Former squadron leader Dick Churchill, inset, was one of the 76-strong group who escaped in 1944 from the Stalag Luft III camp in Germany, the site of which now stands in Poland.

Their feat of courage became one of the most-told stories from the Second World War, immortalis­ed in the 1963 film starring Steve McQueen.

Mr Churchill, who lived in Crediton, Devon, died on Wednesday.

Chief of the Air Staff Sir Stephen Hillier said: “On behalf

of the RAF as a whole I would like to offer my condolence­s to the friends and family of Flt Lt Richard ‘Dick’ Churchill, one of the RAF personnel involved in the Great Escape. He was from a selfless generation who offered bravery and sacrifice to secure our freedom, he will be sorely missed.”

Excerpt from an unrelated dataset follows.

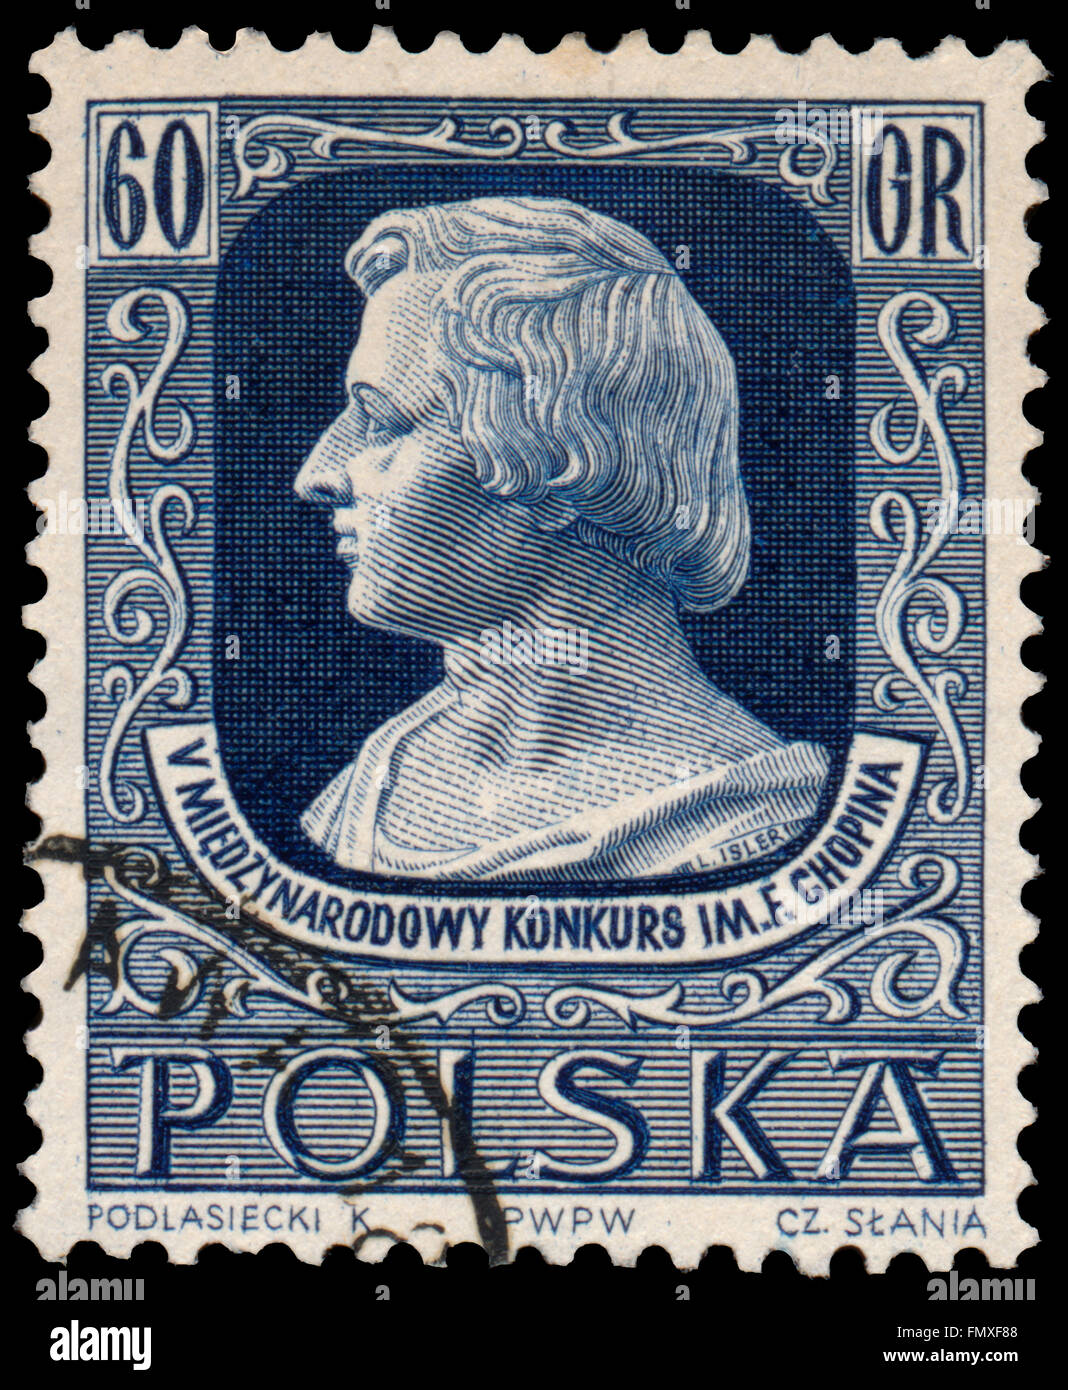 BUDAPEST, HUNGARY - 12 march 2016: a stamp printed by Poland shows image portrait of famous Polish musician and composer Frederi Stock Photo

Air Vice-Marshal David Murray, of the RAF Benevolent Fund, said: “Dick, as he was known, took part in one of the most audacious Prisoner of War escapes during the Second World War and embodied the spirit of the RAF – tenacious, resilient and incredibly brave in the face of adversity.”

Robert Ankerson, secretary of the Royal Air Forces Ex-Prisoners of War Associatio­n, said it had always been a pleasure to speak to Mr Churchill, who was a member.

Asked if he had reminisced much about his endeavours, he said: “A little bit. He was, overall, a very private man.”

Mr Churchill’s death followed that of Australian pilot Paul Royle, who died in Perth in 2015 aged 101. The survivors kept in contact via the Sagan Select Subway Society newsletter, of which the two were the last recipients.

Mr Churchill previously said he thought sharing his surname with wartime prime minister Winston Churchill had kept him alive, in case the Nazis wished to use him as bait with a powerful potential relative.